The liver contains diploid and polyploid hepatocytes (tetraploid, octaploid, etc.), with polyploids comprising ≥90% of the hepatocyte population in adult mice. Polyploid hepatocytes form multipolar spindles in mitosis, which lead to chromosome gains/losses and random aneuploidy. The effect of aneuploidy on liver function is unclear, and the degree of liver aneuploidy is debated, with reports showing aneuploidy affects 5% to 60% of hepatocytes. To study relationships among liver polyploidy, aneuploidy, and adaptation, mice lacking E2f7 and E2f8 in the liver (LKO), which have a polyploidization defect, were used. Polyploids were reduced fourfold in LKO livers, and LKO hepatocytes remained predominantly diploid after extensive proliferation. Moreover, nearly all LKO hepatocytes were euploid compared with control hepatocytes, suggesting polyploid hepatocytes are required for production of aneuploid progeny. To determine whether reduced polyploidy impairs adaptation, LKO mice were bred onto a tyrosinemia background, a disease model whereby the liver can develop disease-resistant, regenerative nodules. Although tyrosinemic LKO mice were more susceptible to morbidities and death associated with tyrosinemia-induced liver failure, they developed regenerating nodules similar to control mice. Analyses revealed that nodules in the tyrosinemic livers were generated by aneuploidy and inactivating mutations. In summary, we identified new roles for polyploid hepatocytes and demonstrated that they are required for the formation of aneuploid progeny and can facilitate adaptation to chronic liver disease.

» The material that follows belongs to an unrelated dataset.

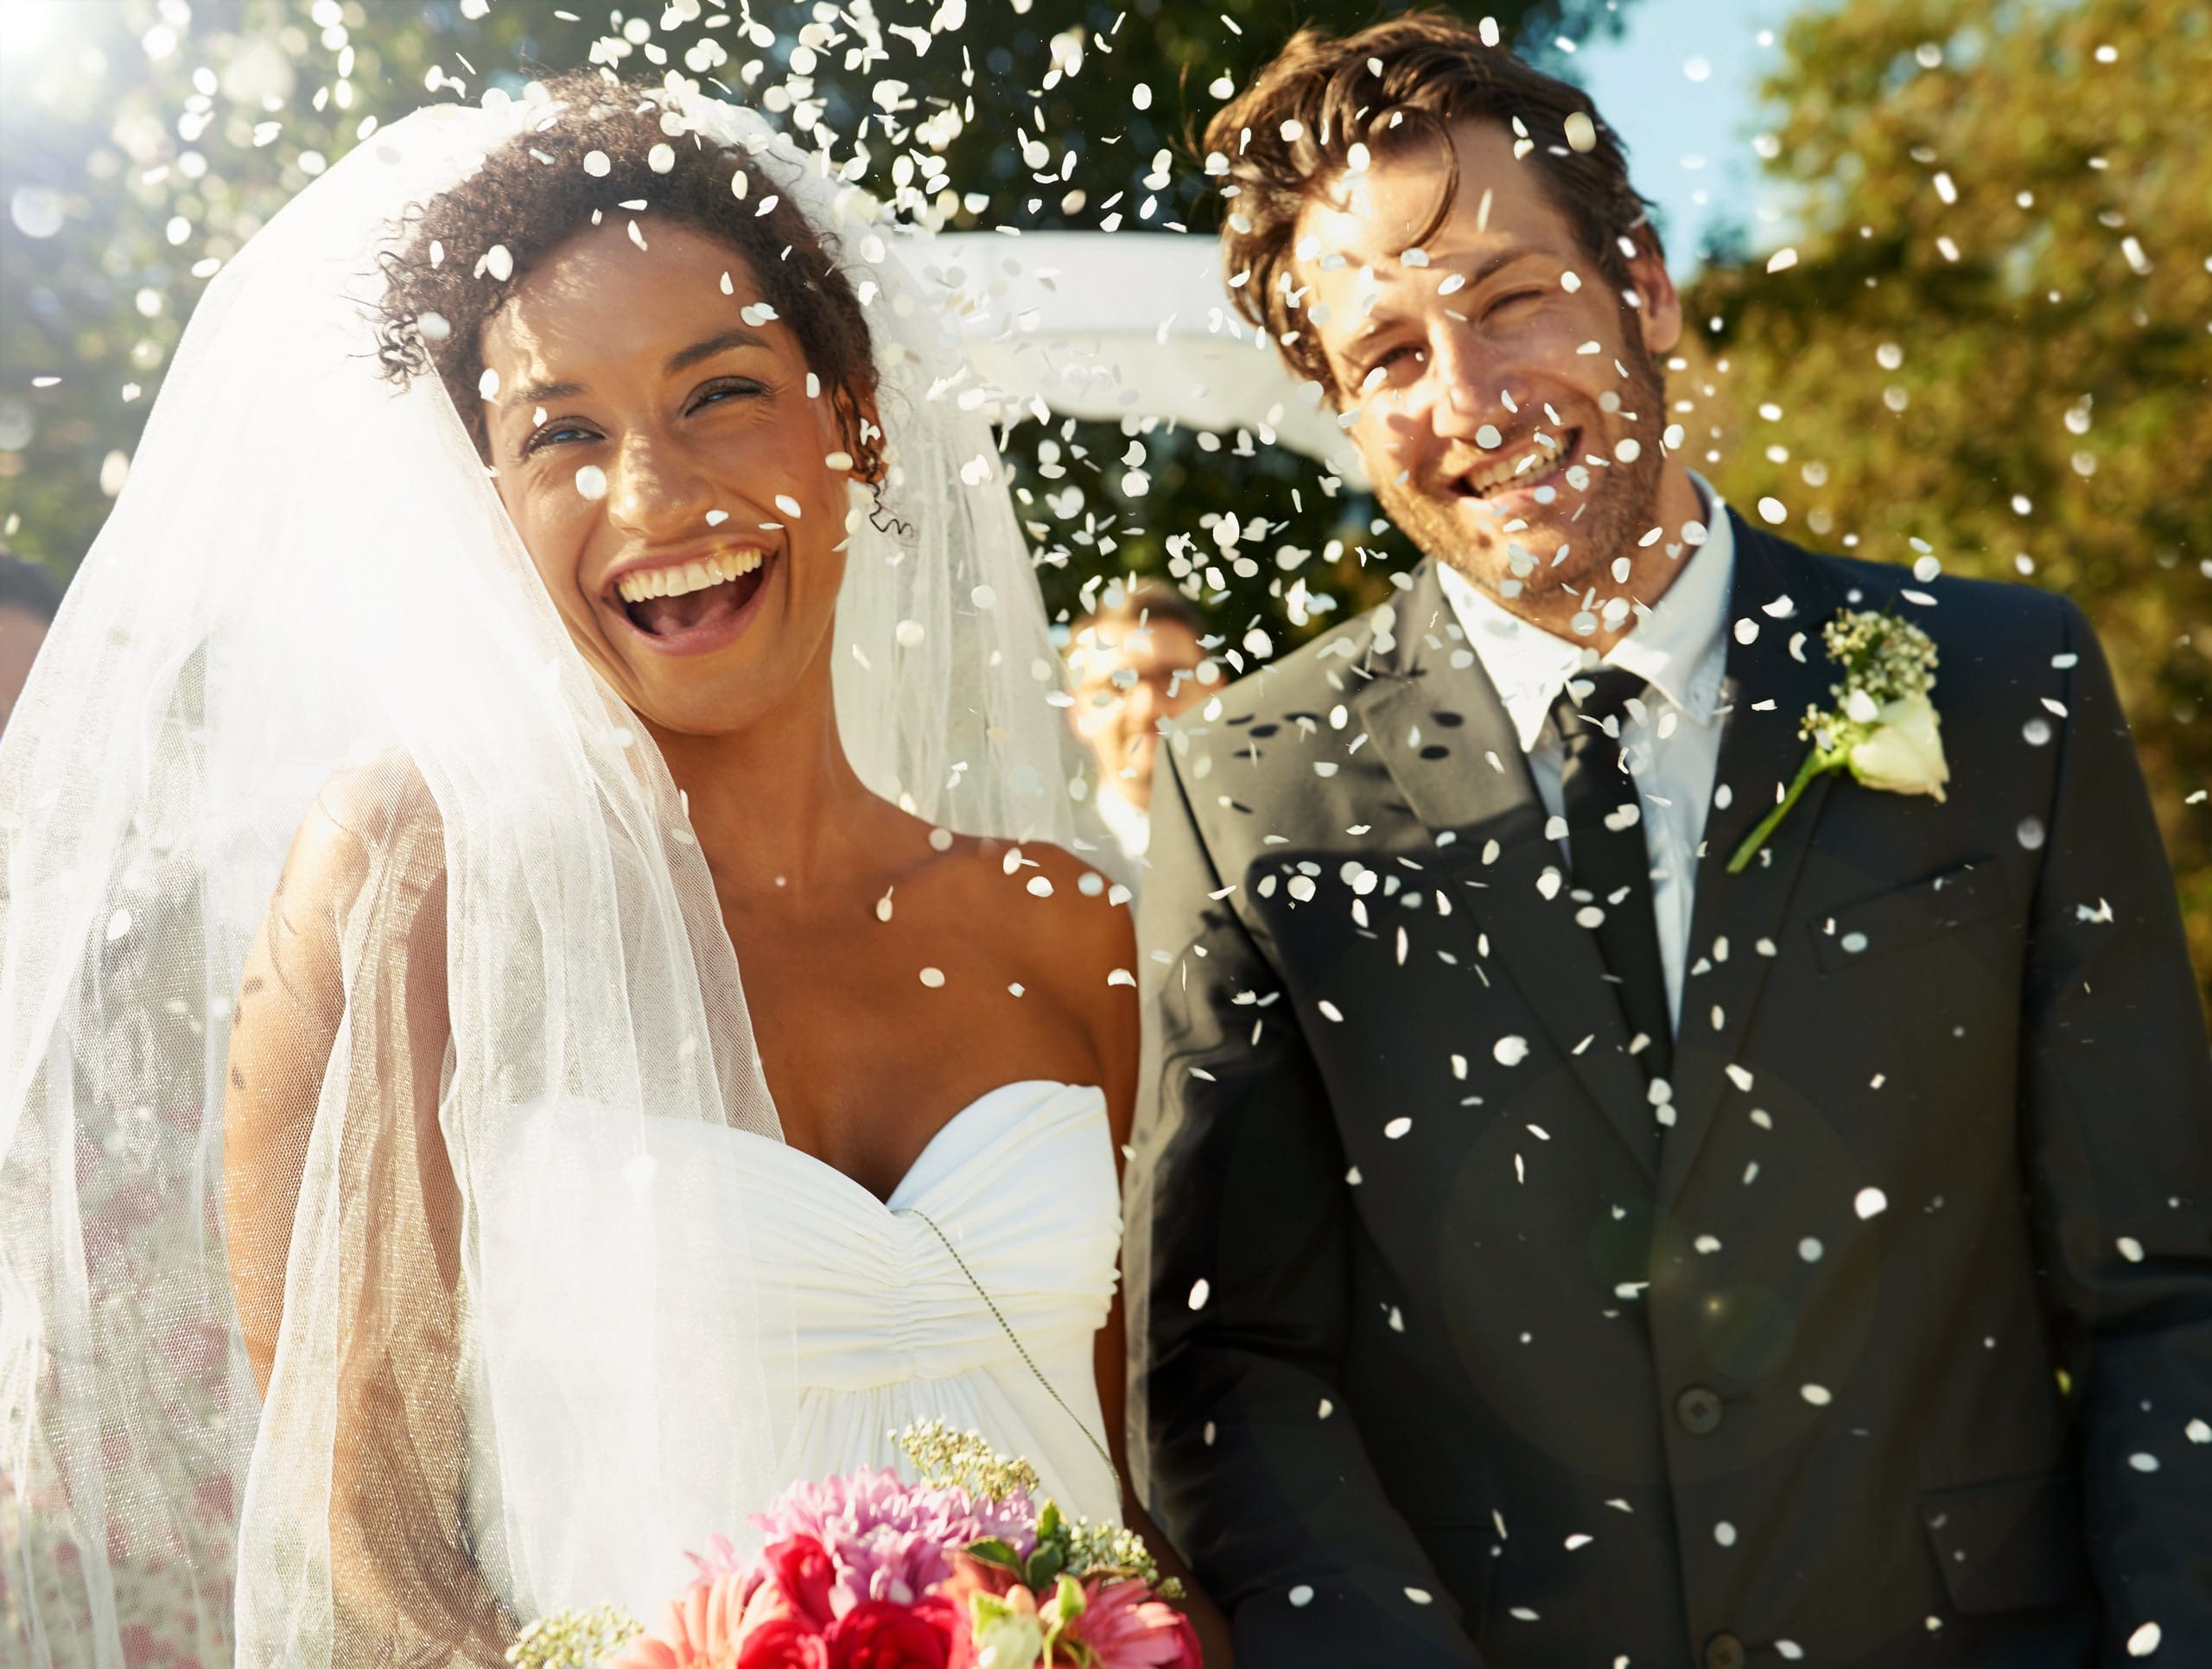 evlilik yardimi parasi ne sartlar altinda alinir
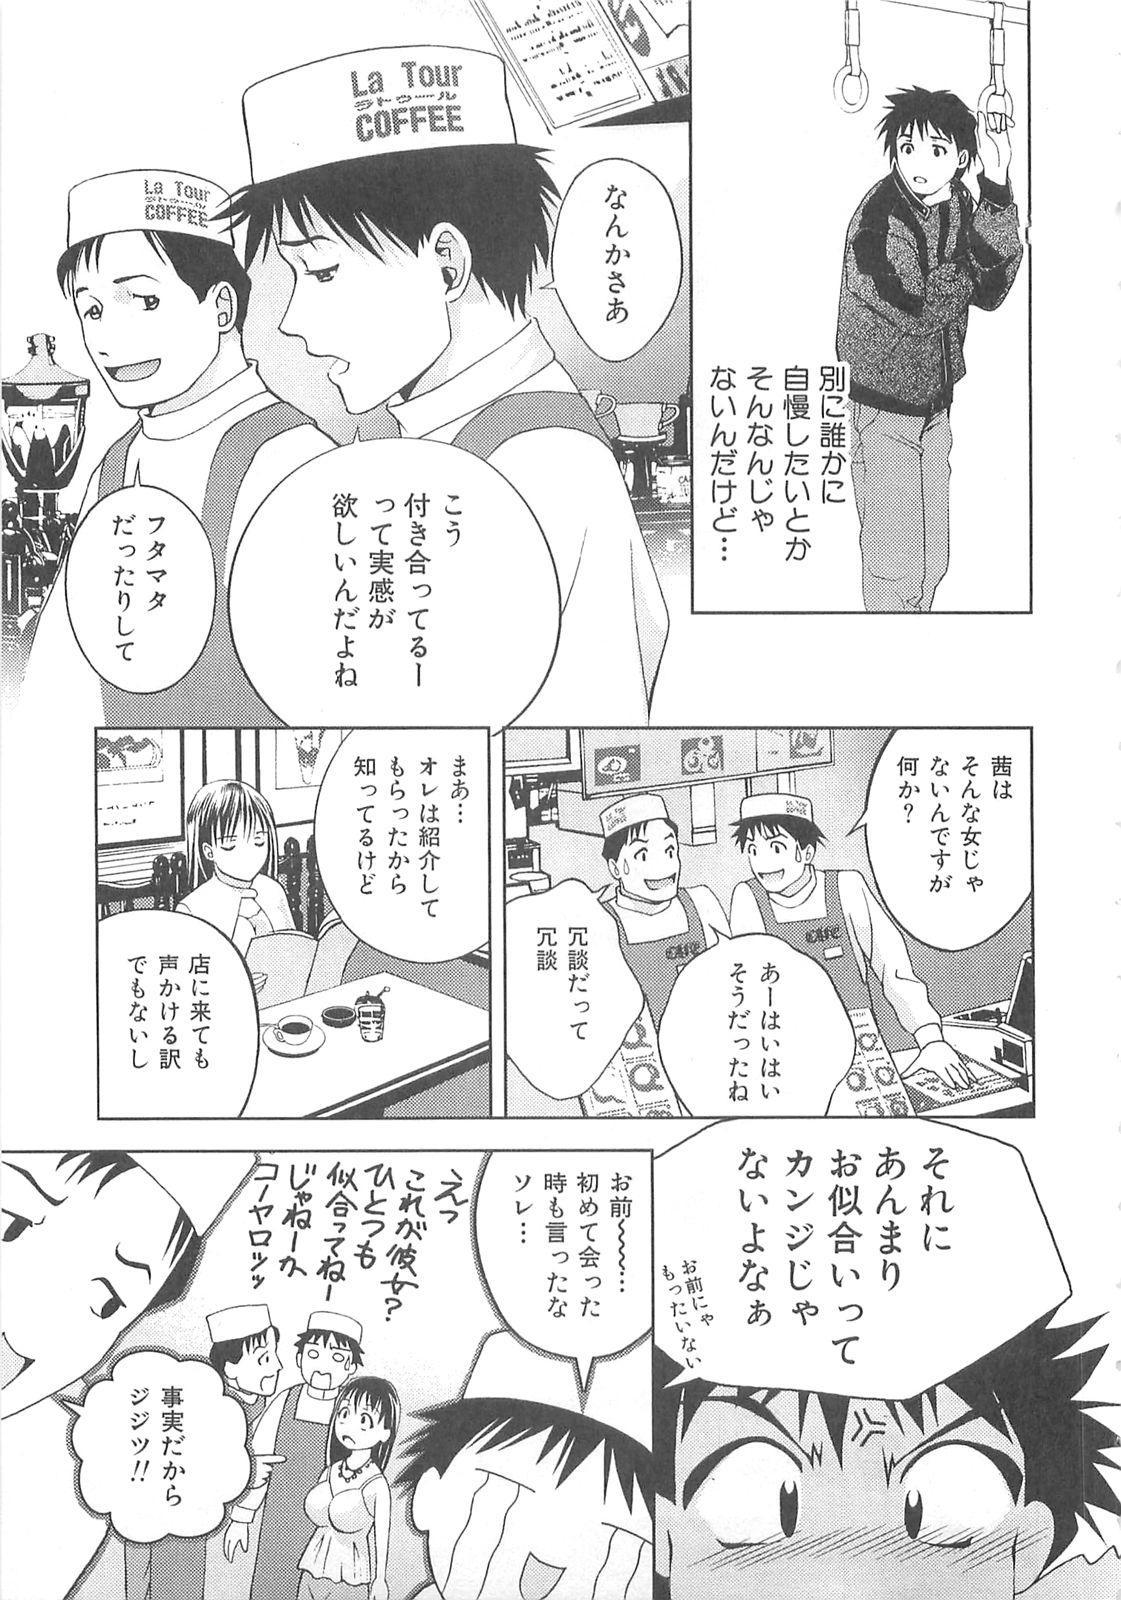 Tenshi no Kyuu - Angel's Pretty Hip 11

The Polyploid State Restricts Hepatocyte Proliferation and Liver Regeneration in Mice.

The liver contains a mixture of hepatocytes with diploid or polyploid (tetraploid, octaploid, etc.) nuclear content. Polyploid hepatocytes are commonly found in adult mammals, representing ~90% of the entire hepatic pool in rodents. The cellular and molecular mechanisms that regulate polyploidization have been well characterized; however, it is unclear whether diploid and polyploid hepatocytes function similarly in multiple contexts. Answering this question has been challenging because proliferating hepatocytes can increase or decrease ploidy, and animal models with healthy diploid-only livers have not been available. Mice lacking E2f7 and E2f8 in the liver (liver-specific E2f7/E2f8 knockout; LKO) were recently reported to have a polyploidization defect, but were otherwise healthy. Herein, livers from LKO mice were rigorously characterized, demonstrating a 20-fold increase in diploid hepatocytes and maintenance of the diploid state even after extensive proliferation. Livers from LKO mice maintained normal function, but became highly tumorigenic when challenged with tumor-promoting stimuli, suggesting that tumors in LKO mice were driven, at least in part, by diploid hepatocytes capable of rapid proliferation. Indeed, hepatocytes from LKO mice proliferate faster and out-compete control hepatocytes, especially in competitive repopulation studies. In addition, diploid or polyploid hepatocytes from wild-type (WT) mice were examined to eliminate potentially confounding effects associated with E2f7/E2f8 deficiency. WT diploid cells also showed a proliferative advantage, entering and progressing through the cell cycle faster than polyploid cells, both in vitro and during liver regeneration (LR). Diploid and polyploid hepatocytes responded similarly to hepatic mitogens, indicating that proliferation kinetics are unrelated to differential response to growth stimuli. Conclusion: Diploid hepatocytes proliferate faster than polyploids, suggesting that the polyploid state functions as a growth suppressor to restrict proliferation by the majority of hepatocytes.